Да у него и не вызывало сомнения, что он заслужил все это. Он просто не годится для подобной работы – у него нет для нее ни твердости, ни хитрости, ни злости. Зря его вообще послали на это задание, надо было поручить его тому, кто знает, что делает. Он ведь даже не стал проходить курс методов секретной работы на «Ферме» в Виргинии, введение в мрачные тайны управления.
Интересно, где здесь ближайший полицейский участок? На сегодня приключений с него достаточно, а ведь еще даже не шесть утра. Он улыбнулся, отдавая последнюю дань своей безрассудной идее, – это было бы даже забавно, если бы не бедняга Билл – и отправился на поиски более разумных возможностей.
– Эй, мистер, – окликнул его кто-то.
Роберто?
– Я сказал вам неправду.
Тревитт обернулся. Юнец стоял с вызывающим выражением на лице. Он что, теперь решил подразнить Тревитта или в нем взыграл мексиканский мачо и он надумал напоследок подраться?
Мальчишка Мигель ошивался поблизости, разглядывая этих странных противников в надежде, что, может быть, еще будет мордобой.
– Эй, мистер, – сказал бармен. – У вас есть чем заплатить Роберто?
– Малыш, мне нужно…
– Потому что, мистер, Роберто кажется, что Рейнолдо Рамирес все еще жив. И кажется, Роберто знает, где он.
Ей хотелось прогуляться.
– Мне просто хочется гулять. Давай будем гулять все выходные? Мне нужен простор… не знаю, как объяснить.
– Ну конечно, – сказал Чарди.
– Я просто не могу не гулять. Понимаешь? Мне хочется побыть с тобой, но погулять тоже хочется. Ничего?
– Конечно ничего. Покажи мне город. Хочу на него поглядеть.
Они прошлись по Месс-авеню до Технологического института и обратно, потом двинулись по Гарден-стрит, и Джоанна показала ему Рэдклифф-колледж. У Брэттл они заблудились в закоулочках. Потом они забрели в студенческий городок и гуляли среди красных кирпичных домов в георгианском стиле под кронами деревьев.

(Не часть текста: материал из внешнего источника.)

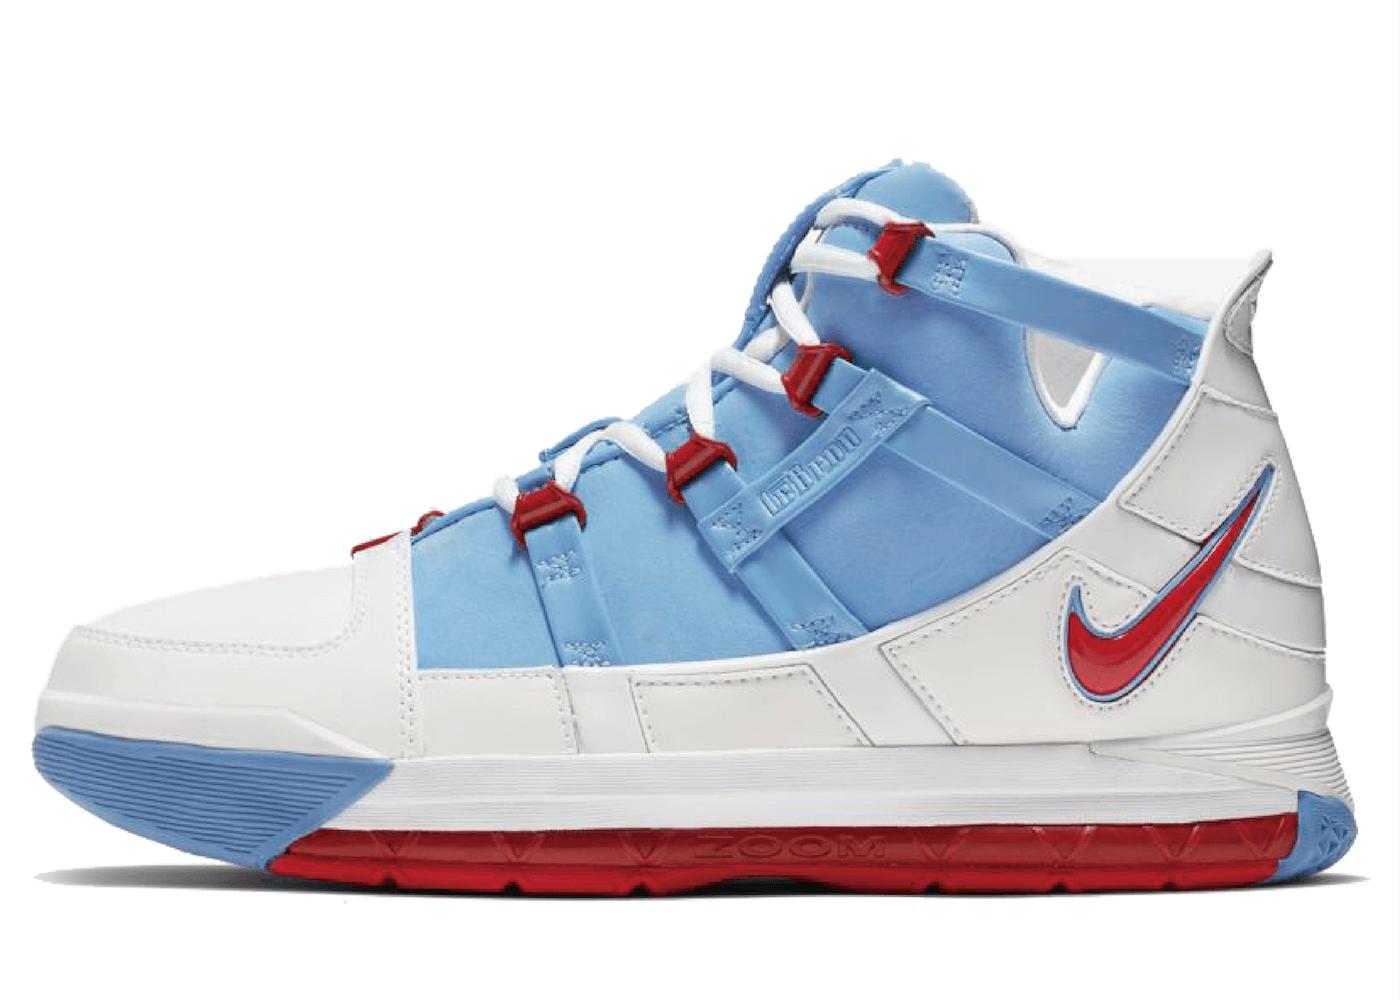 Nike LeBron 3 Houstonの写真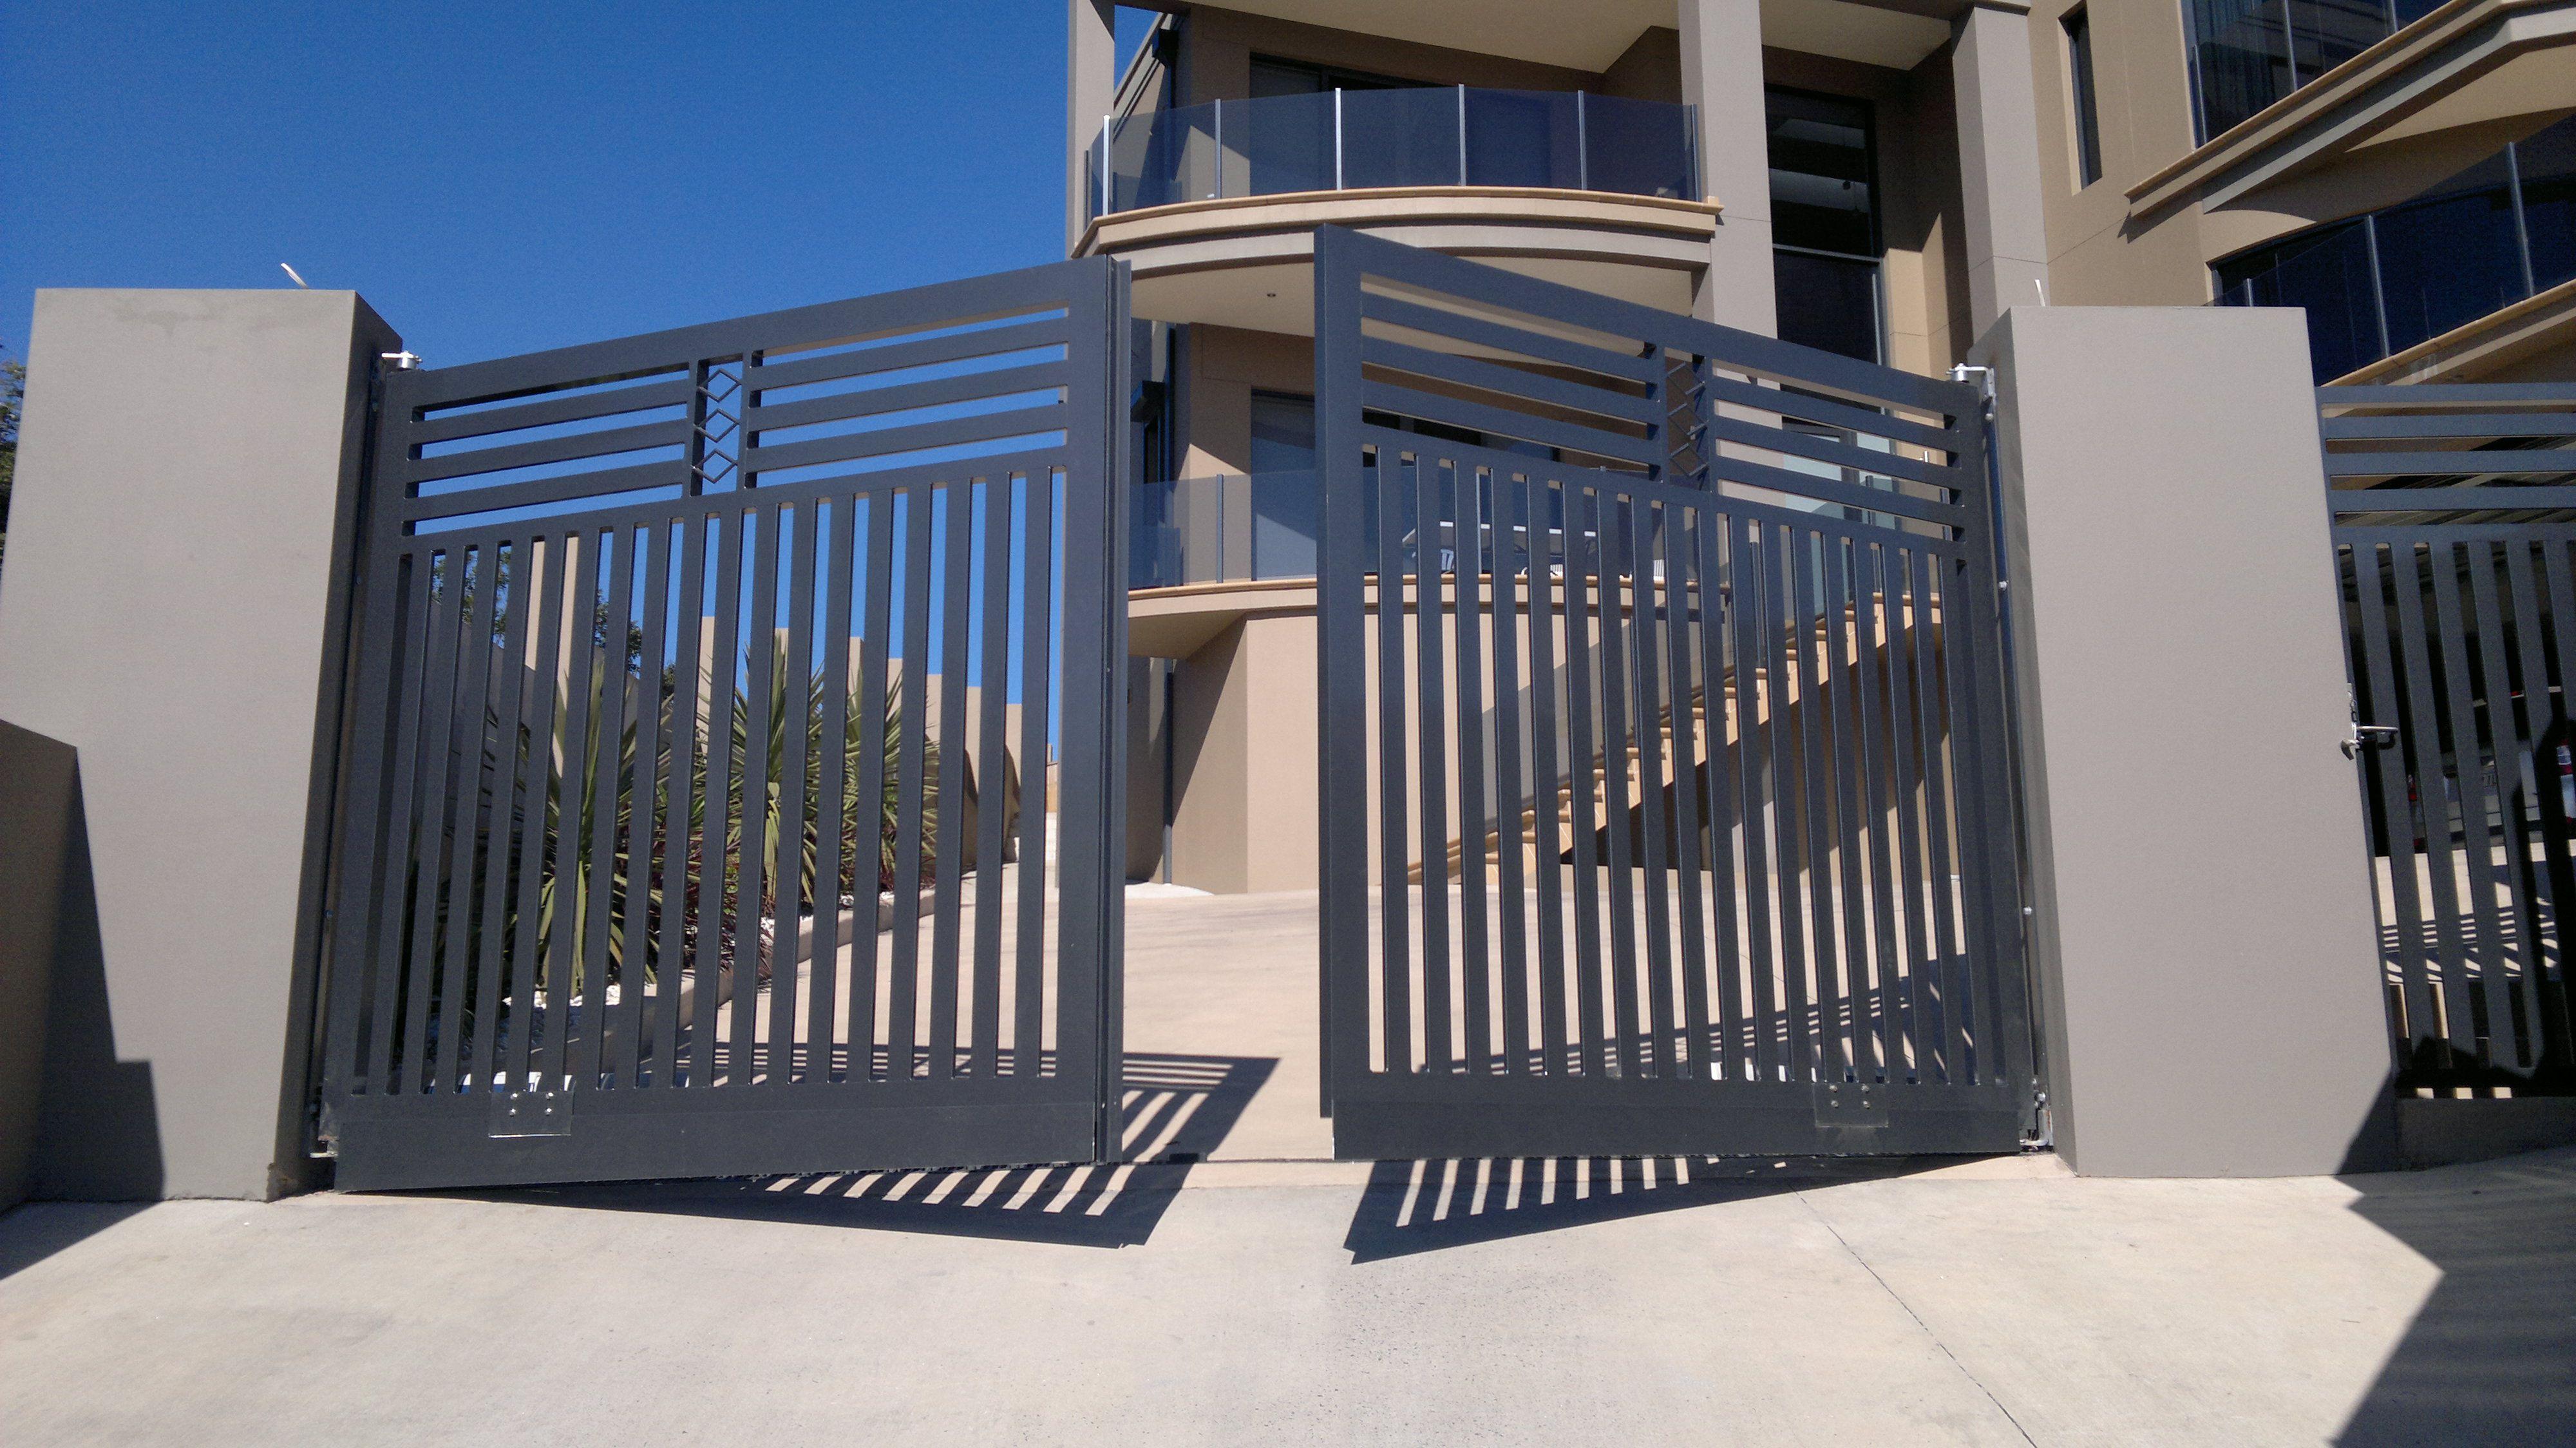 No 7 - M/C design | Gates | Pinterest | Gates, Modern contemporary ... for Contemporary Modern Gate Designs  183qdu

– Как прошла неделя, Пол? Как твоя поездка?
– Ужасно. Я ничем не занимаюсь. Мне не дают ничего делать. Я просто болтаюсь рядом с Данцигом, за исключением того времени, когда он заперт – как сейчас. А у тебя как?
– Ничего толком не сделала. Почти не продвинулась вперед. Это наводит на меня уныние. Хорошо, что сейчас выходные. Хорошо, что ты здесь.
Вокруг кишели студенты-старшекурсники. Все они одевались, как бродяги – в мешковатые вызывающие тряпки, словно найденные в лавке старьевщика, небрежные и элегантные. Чарди они казались варварами. Повсюду свистели летающие тарелки, проносились над самой землей, отскакивали от нее. Из динамика в окне неслась песня какой-то рок-группы.
– Послушай, – попросил он, – давай посидим. Ты не против? Этот марш меня вымотал.
Они присели на скамейку и долго молчали.
– А здесь тихо, – беспомощно проговорил Чарди. – Мне всегда хотелось знать, каково жить в таком тихом местечке. Я сам ходил в колледж в захолустном городке в Индиане. Там слышно, как растет трава. А субботними вечерами мы зависали в…
Он умолк, потому что понял – она не слушает.
– Что случилось, Джоанна?
– Ох, не знаю, – отозвалась она.
– Послушай, с тобой что-то не так, я чувствую это.
– Что мне здесь нравится, так это ощущение стабильности. Пол, здесь есть люди, которые никогда никуда не ходят. Прямо как троглодиты. Живут в своих норках. Они могут по сорок лет изучать одну-единственную молекулу в какой-нибудь аминокислоте или одного-единственного итальянского поэта шестнадцатого века. Очень стабильно. Никаких неприятных неожиданностей.
Стабильно? Чарди взглянул на людную площадь перед ними.
– Джоанна…
– Пол, – продолжала она. – Мне иногда становится так страшно. Я лежу и думаю обо всем, что может случиться. Думаю о нем, об Улу Беге. Думаю о курдах, потерянном народе. И о нас, о том, что мы в ответе за все это, что мы – связующее звено во всем этом, и о том, что мы так ничего и не сделали. Иногда мысли мелькают с такой скоростью, что я не могу успокоиться. Я не могу спать. Не могу есть. Пол, я схожу с ума. Ты не представляешь себе, до какой степени. Я могу вести себя очень странно.
Он обернулся обнять ее, но увидел, что она не возбуждена. Напротив, никогда еще он не видел ее такой спокойной.